Predictors will call partial models near the edge of contigs, but if you merger them with 100 N gaps, they will be more likely to jump the gap (attempt to merge models on each side while putting the gap in the intron - even if that is not correct), or they will just call nothing around the gap (i.e. they will behave different around gaps than at the edge of contigs).

—Carson

> On Jun 1, 2018, at 1:36 PM, Valerie Soza <vsoza at uw.edu> wrote:
> 
> Hi Maker community
> 
> I have done repeatmasking and gene prediction using the Maker pipeline on an entire genome assembly that has some scaffolds mapped to chromosomes and others that are unmapped, for a total of 11,985 scaffolds (Annotation A). I used the standard build protocol #2 as outlined by Carson at https://groups.google.com/forum/#!searchin/maker-devel/Provide$20maker_gff$20%7Csort:date/maker-devel/7nU0EaSe2ww/Hb8ARa0WBAAJ. This gave me a total of 23,559 predicted genes (21,960 genes from the default build + 1,599 genes that were rescued with Pfam domains) for the entire assembly.
> 
> Now, I want to only use scaffolds that have been mapped and ordered along chromosomes to create a pseudochromosal sequence for each chromosome that stitches together all the ordered scaffolds along a chromosome, each scaffold separated by a stretch of 100 Ns, for synteny analyses. I then want to get annotations for each of these pseudochromosal sequences. I am trying to see if I can re-do the annotations by Maker on these pseudochromosal sequences using the masked assembly produced by Maker above. I have extracted the masked sequence for ordered scaffolds for each chromosome and have used these masked sequences to create pseudochromosomal scaffolds, resulting in 13 scaffolds representing the 13 chromosomes. I tried using these masked sequences (13 scaffolds) as input for Maker to create a standard build (Annotation B), but am getting less genes predicted for these scaffolds than what I got from my entire assembly (Annotation A) above.
> 
> For all ordered scaffolds across chromosomes, I got 21,419 genes from the standard build annotation on the entire assembly (Annotation A). However, using the masked pseudochromosomal scaffolds (Annotation B), I am getting less genes predicted for the same set of scaffolds: 20,830 genes (18,465 from default build + 2,365 genes that were rescued with Pfam domains). 
> 
> I am wondering if I have a setting wrong for my maker_opts.ctl files for the default and standard build runs on the masked sequences, see attached below, particularly in the repeat masking or re-annotation part of the file.

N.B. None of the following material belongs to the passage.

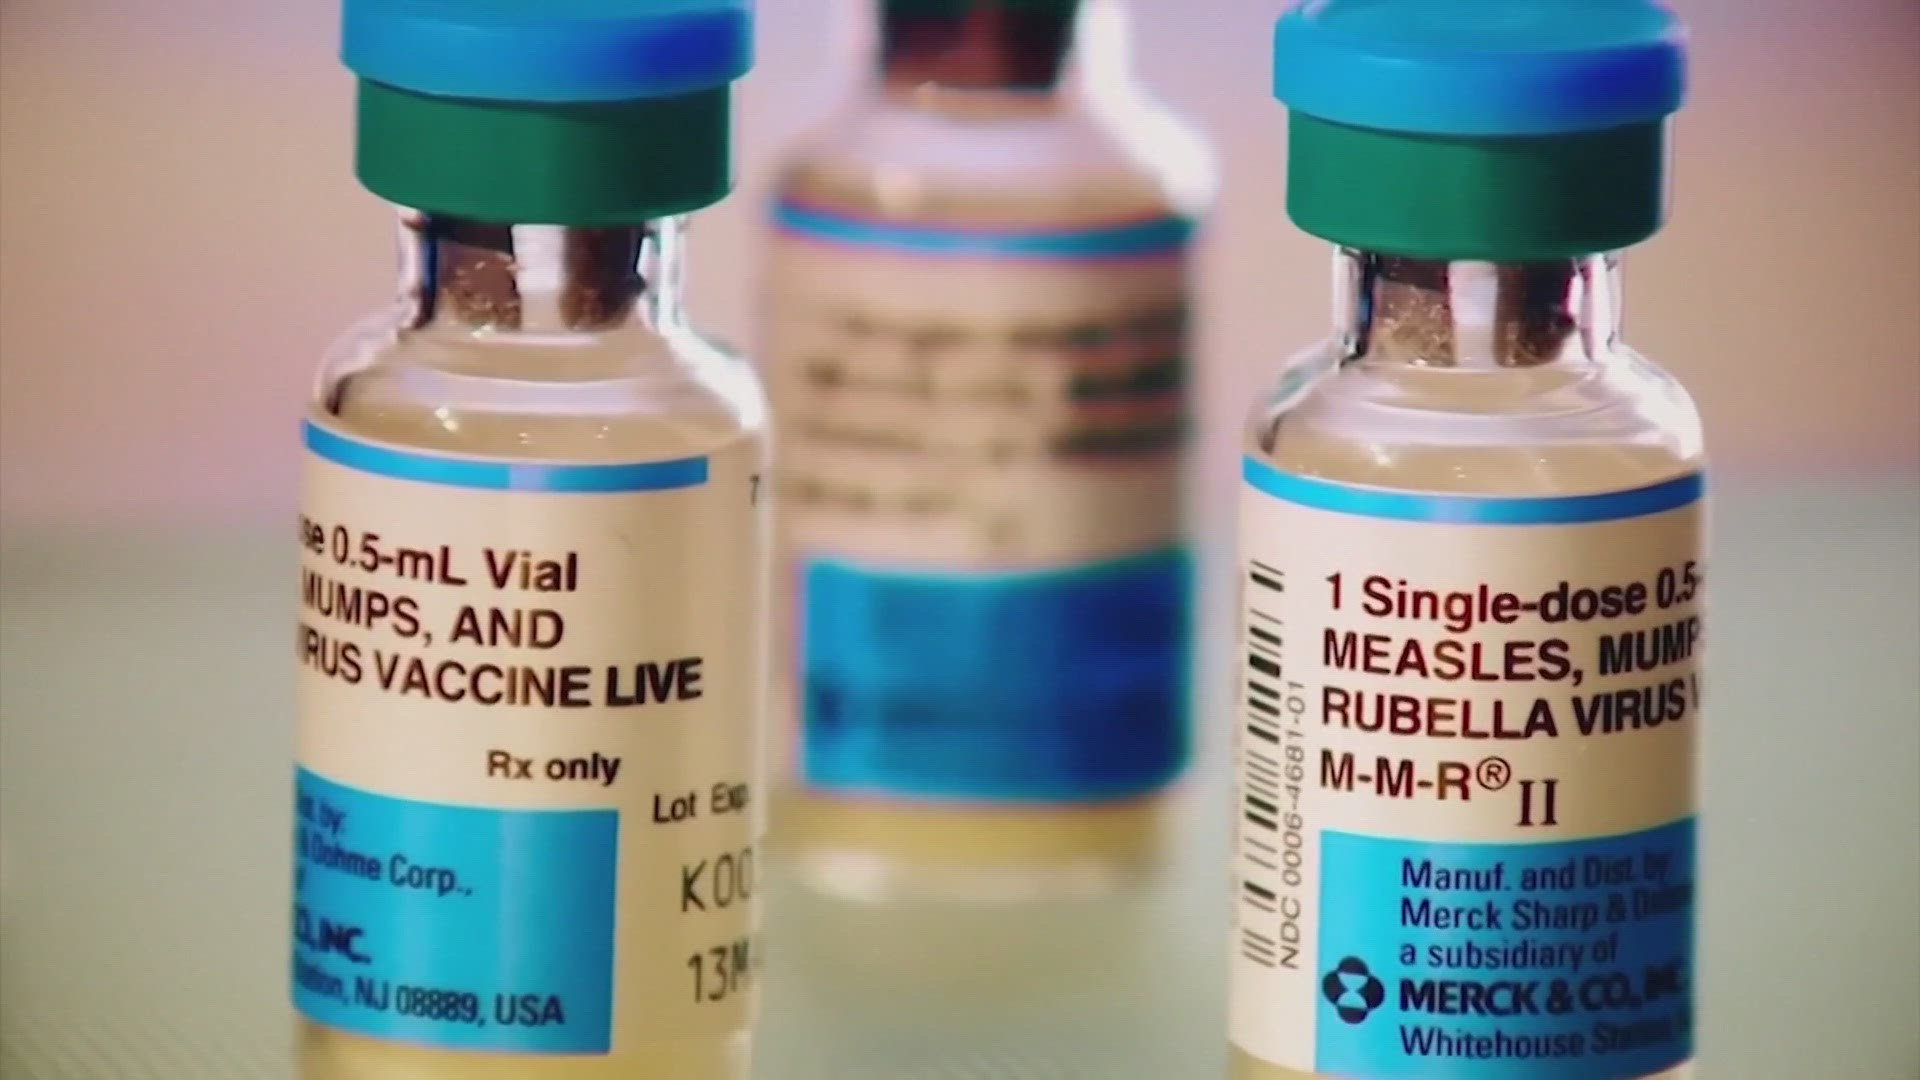 Chicago public schools has urged parents and guardians to make sure students' MMR vaccine records were up to date.
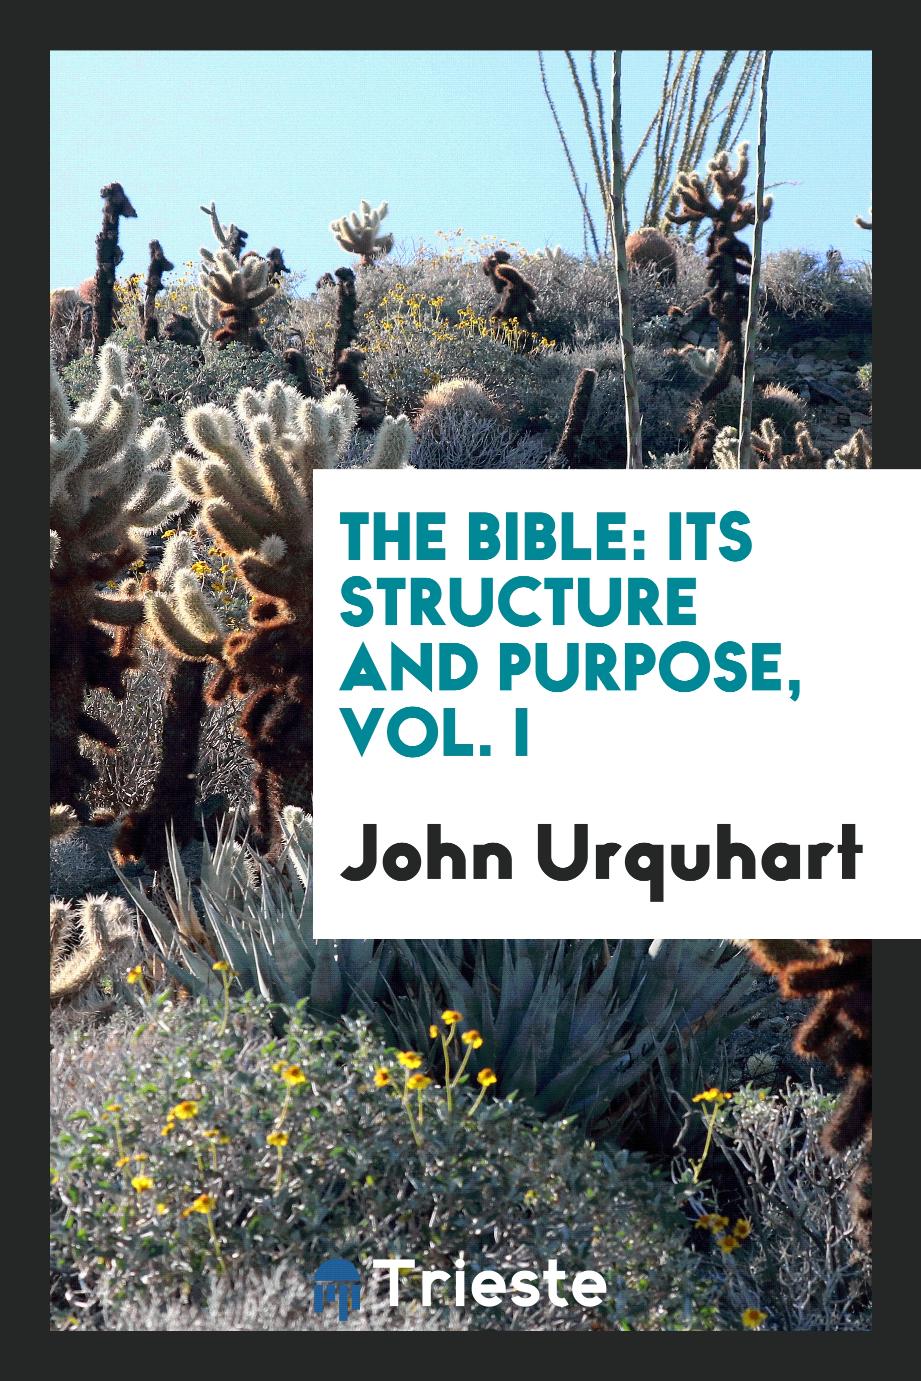 The Bible: its structure and purpose, Vol. I

> I also looked at the default build annotations in Jbrowse and compared Annotation A to Annotation B, and they looked similar except that there were transcripts from my altest= file that were not showing up in Annotation B, but were present in Annotation A; therefore, Maker did not predict some of these genes in Annotation B, but did in Annotation A. So I think Maker was missing some things in Annotation B. Is this unexpected? If so, is someone willing to check my steps and control files below to see if I did something wrong? 
> 
> Or, if someone has a better suggestion for extracting coding sequence from these pseudochromosal scaffolds that were created post-Maker annotation on the entire assembly, I would welcome it. iThanks a bunch.
> 
> 
> Annotation A default build steps:
> 
> $ maker -base Rwill10 -fix_nucleotides
> $ maker -base Rwill10 -fix_nucleotides
> 
> $ grep FINISHED Rwill10_master_datastore_index.log | sort | uniq | cut -f 1 | wc
>  11983   11983  312159
> #should be 11985
> 
> $ maker -dsindex -base Rwill10 -fix_nucleotides
> 
> $ grep FINISHED Rwill10_master_datastore_index.log | sort | uniq | cut -f 1 | wc
>  11985   11985  312211
> 
> $ gff3_merge -d Rwill10_master_datastore_index.log
> 
> $ grep -cP '\tgene\t' ../Rwill10.maker.output/Rwill10.all.gff
> 21960
> 
> $ fasta_merge -d Rwill10_master_datastore_index.log
> 
> <maker_opts.log.AnnotationA.default.log>
> 
> 
> Annotation A standard build steps:
> 
> $ ./interproscan.sh -appl PfamA -iprlookup -goterms -f tsv -i Rwill10.all.maker.non_overlapping_ab_initio.proteins.fasta
> 
> #genes in Rwill10.all.maker.non_overlapping_ab_initio.proteins.fasta and Rwill10.all.maker.non_overlapping_ab_initio.proteins.fasta.tsv are not in Rwill10.all.gff file
> #IDs in .tsv file are called "processed-gene" from .fasta file, 
> #but in .gff file, I think these are called "abinit-gene"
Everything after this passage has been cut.